Task goal
Transcribe exactly the line with "Free MainStage &" and each line that follows it in the listing, down to the last, omitting all pictures.
═══ Supplied information
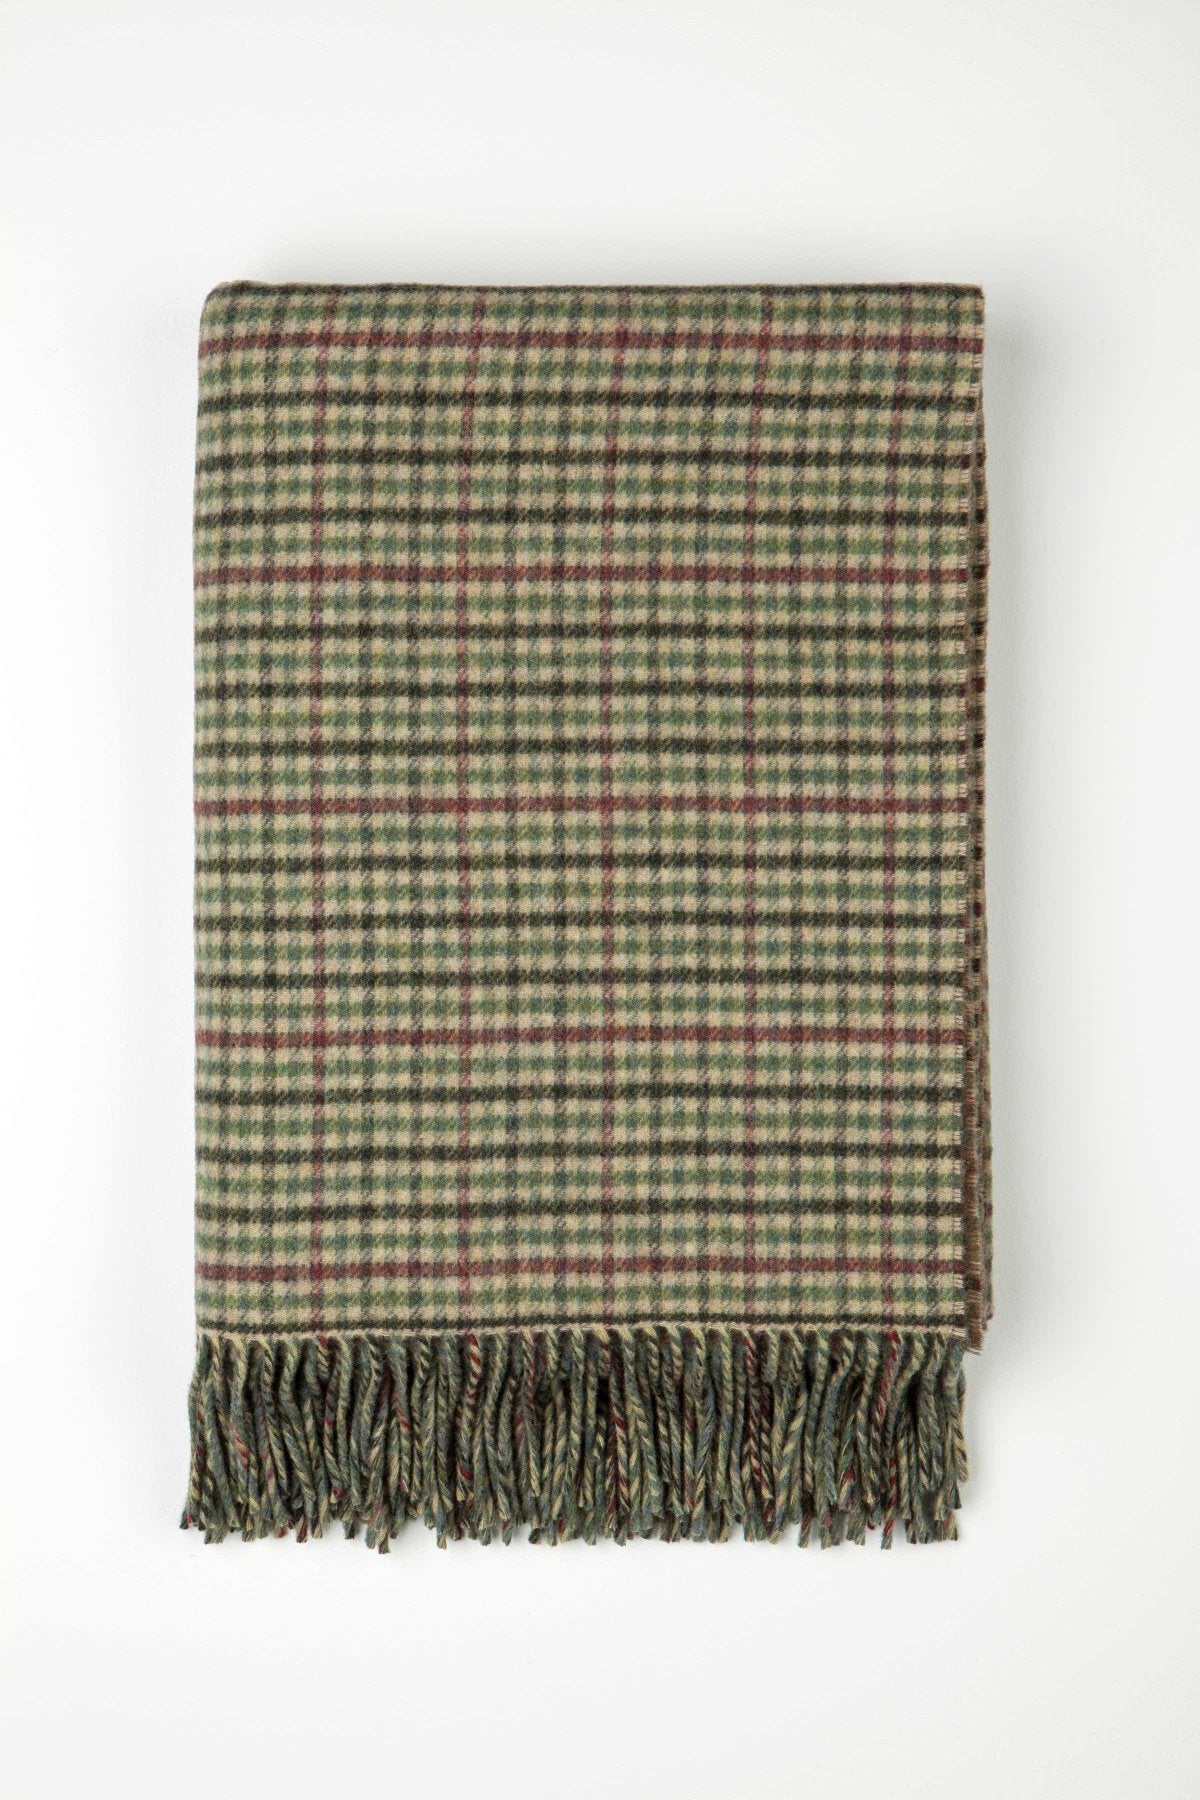 Lambswool Double Face Check Throw | Lossiemouth
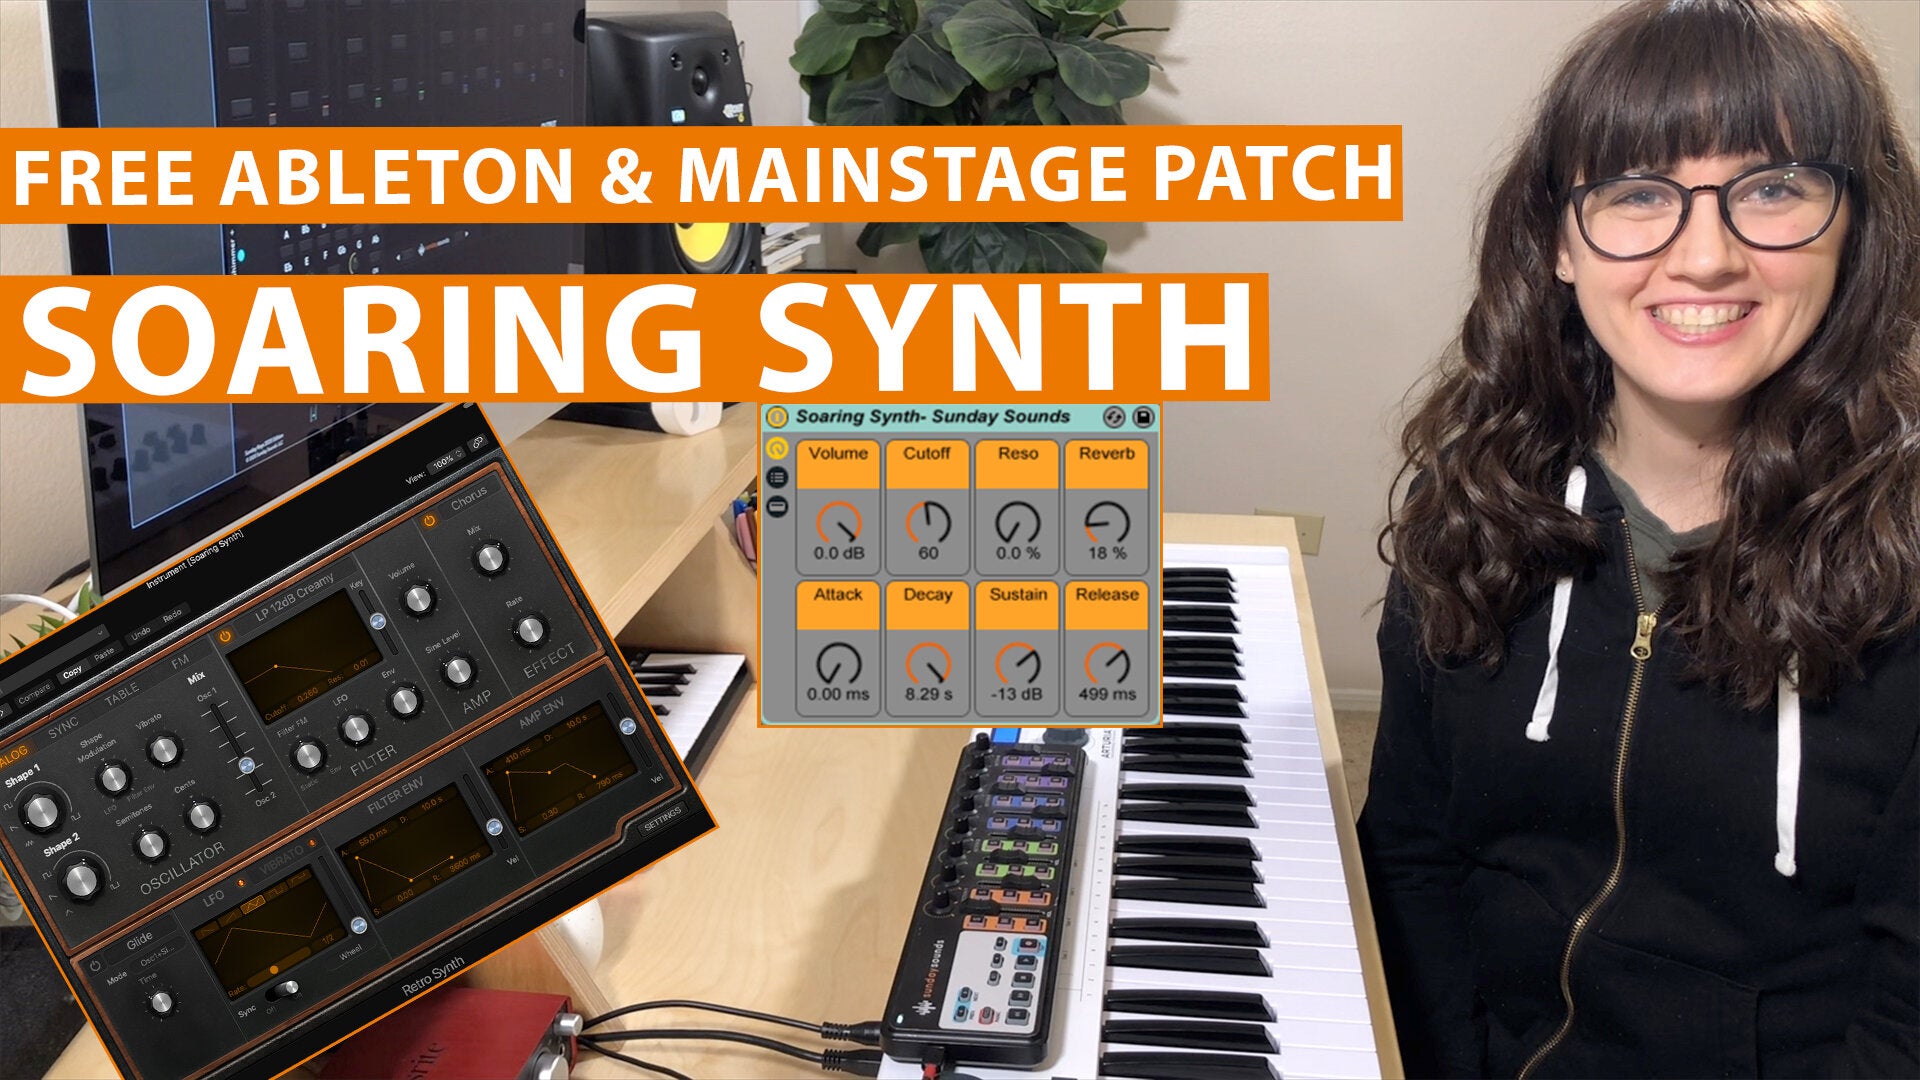 Free MainStage & Ableton Worship Patch! - Soaring Synth
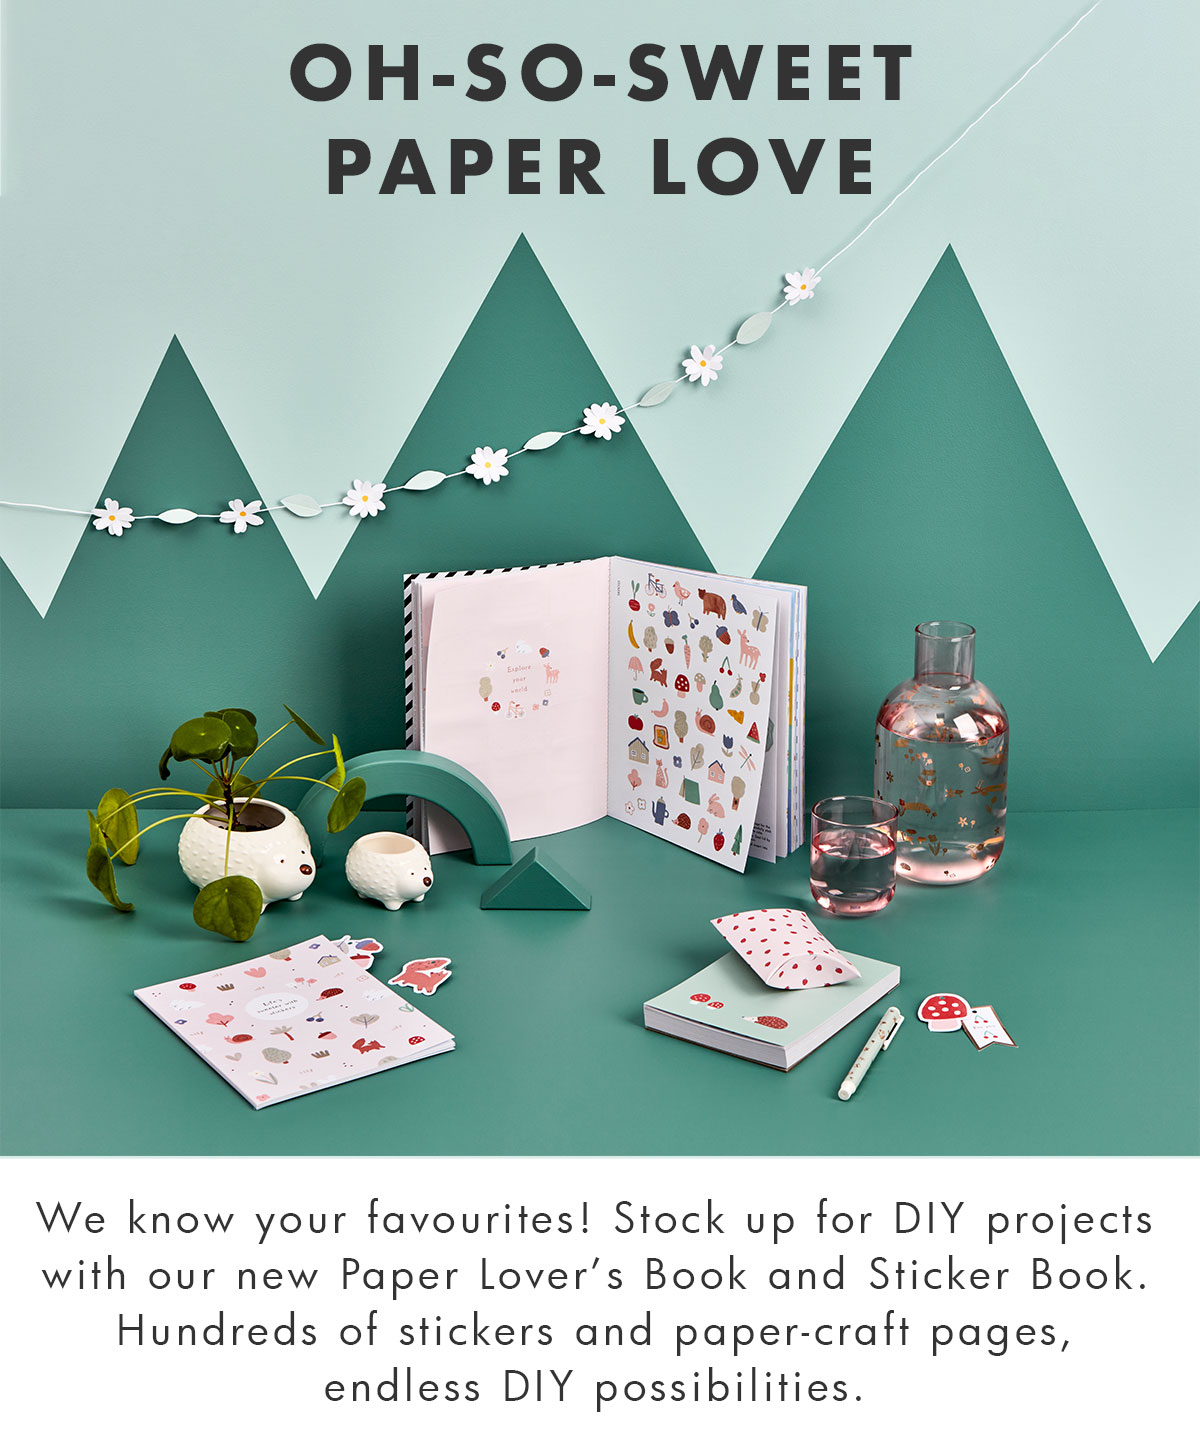 Oh-so sweet paper love. 
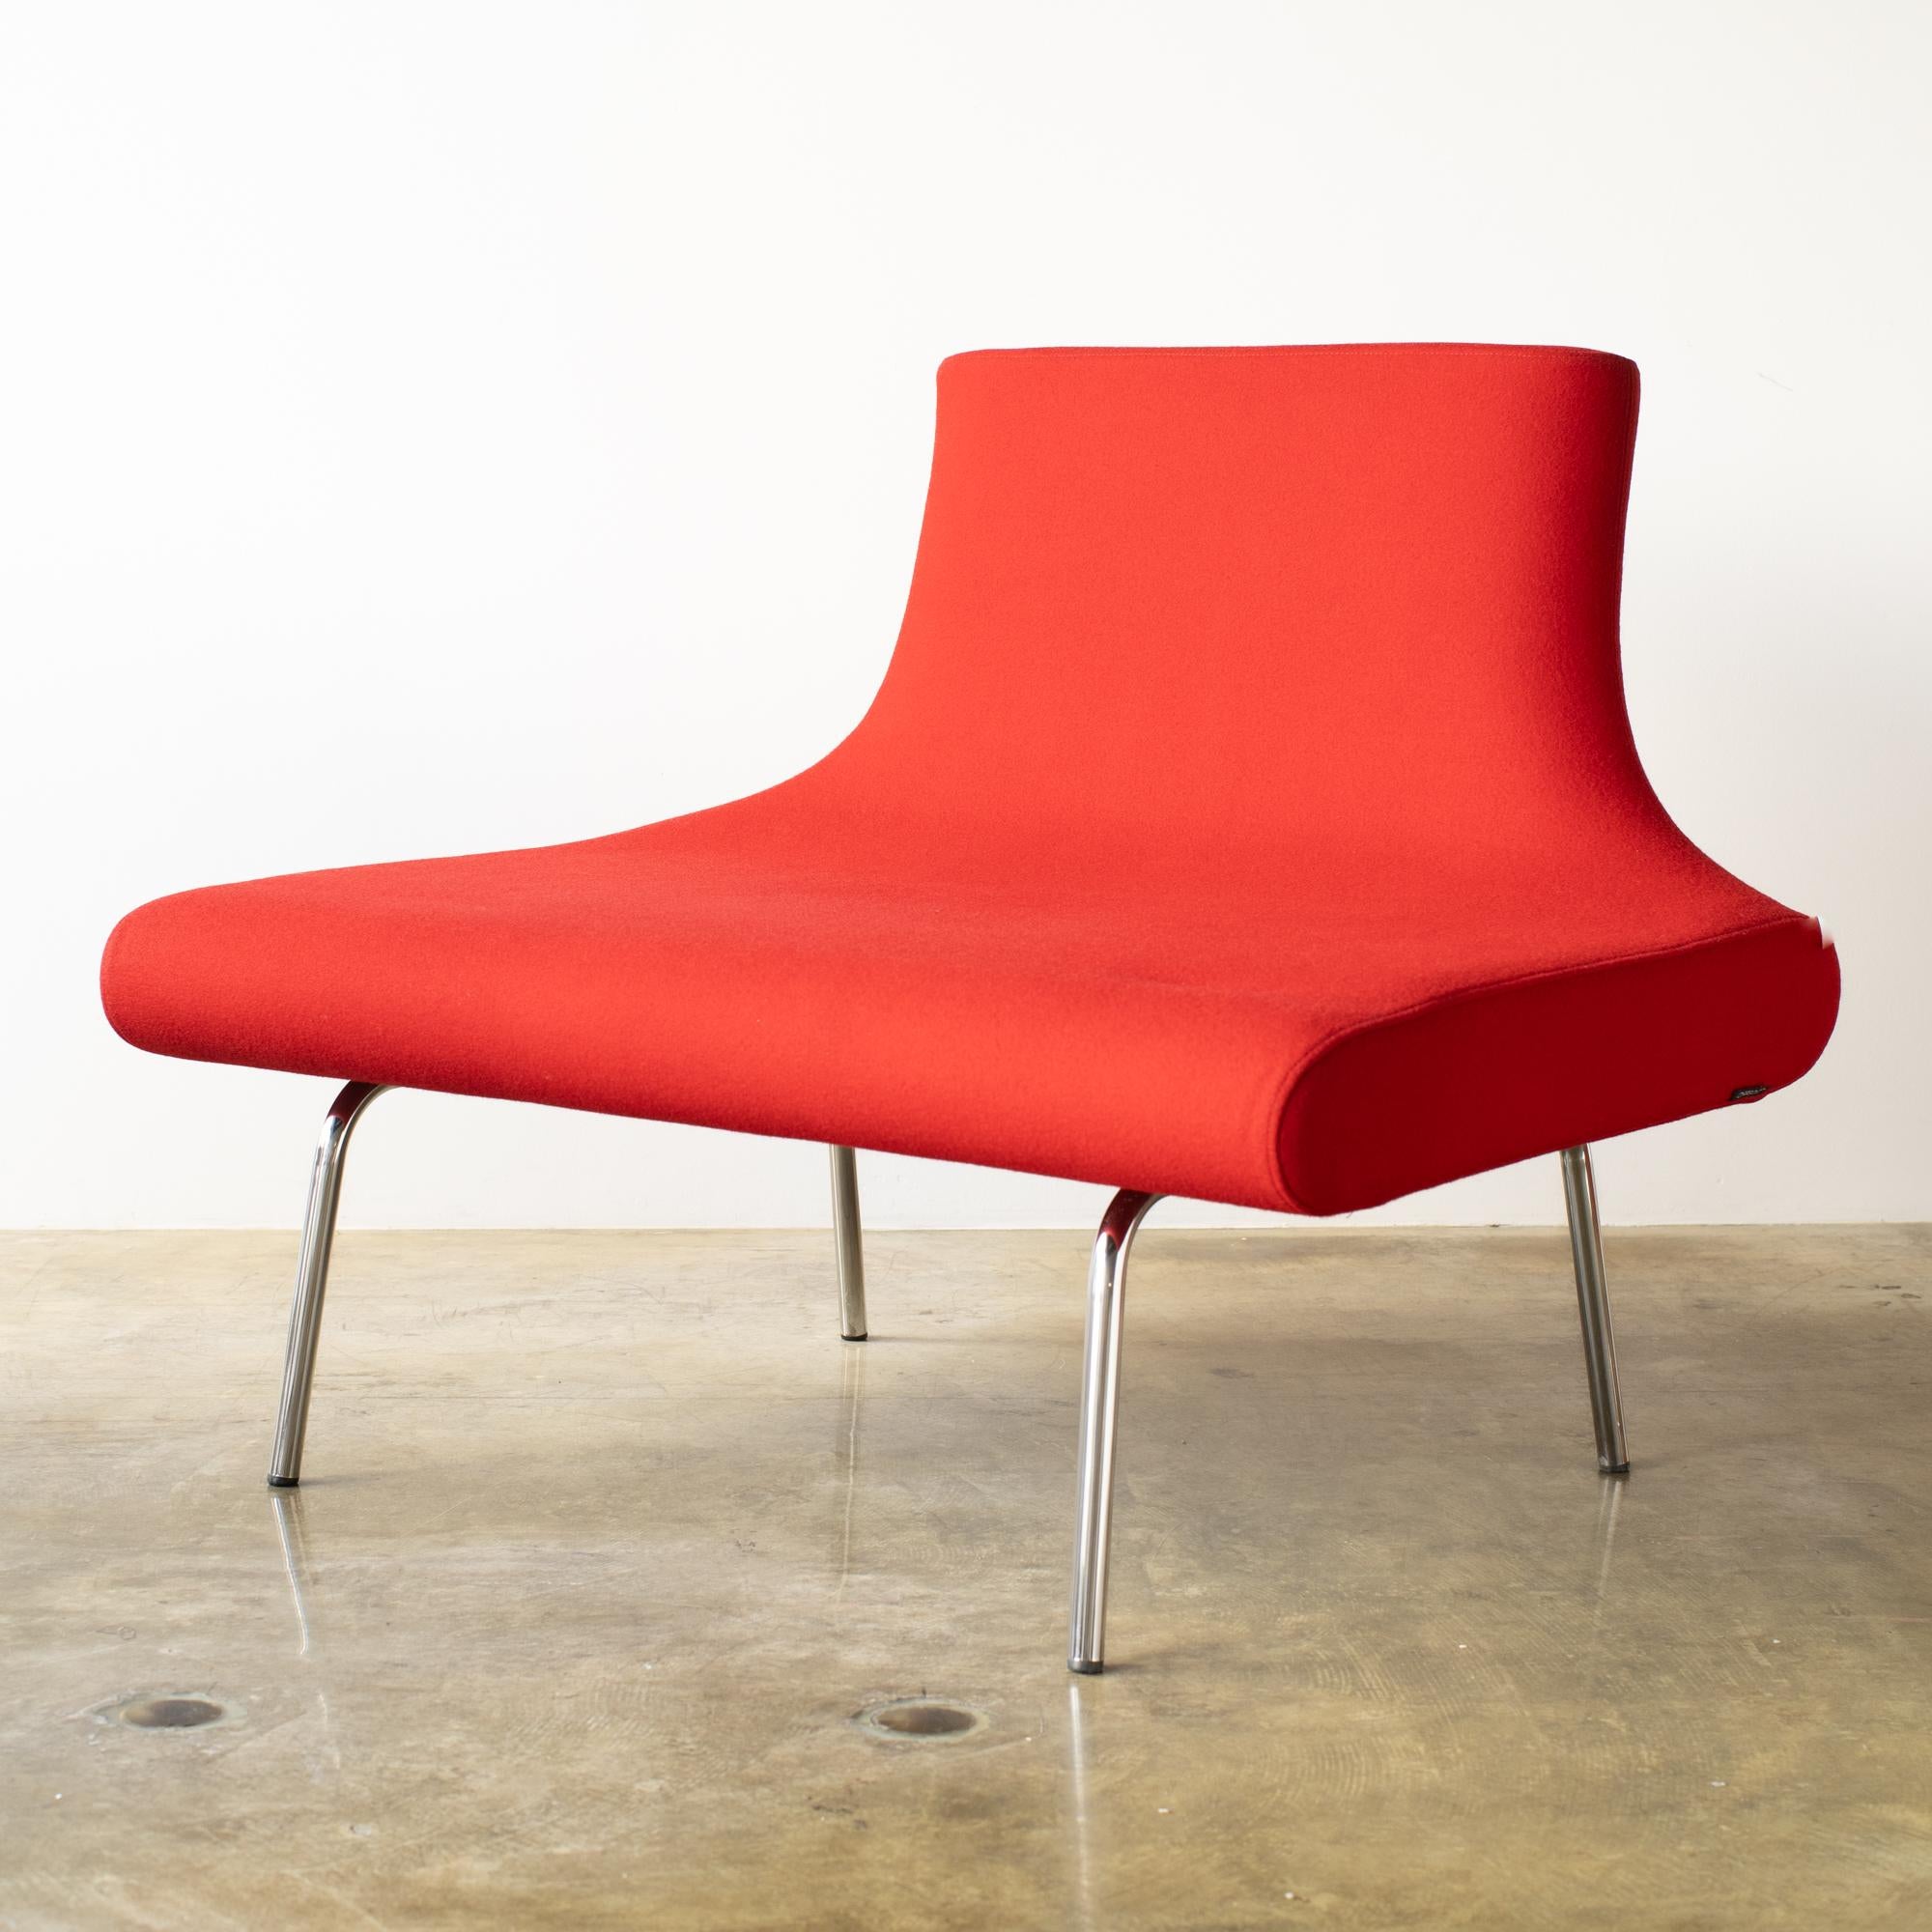 Space Age Chair red fabric Orbit sofa Eero Koivisto  Y2K style design space age For Sale
══════
Answer section
 Free MainStage & Ableton Worship Patch! - Soaring Synth
 Oh-so sweet paper love. 
 Space Age Chair red fabric Orbit sofa Eero Koivisto  Y2K style design space age For Sale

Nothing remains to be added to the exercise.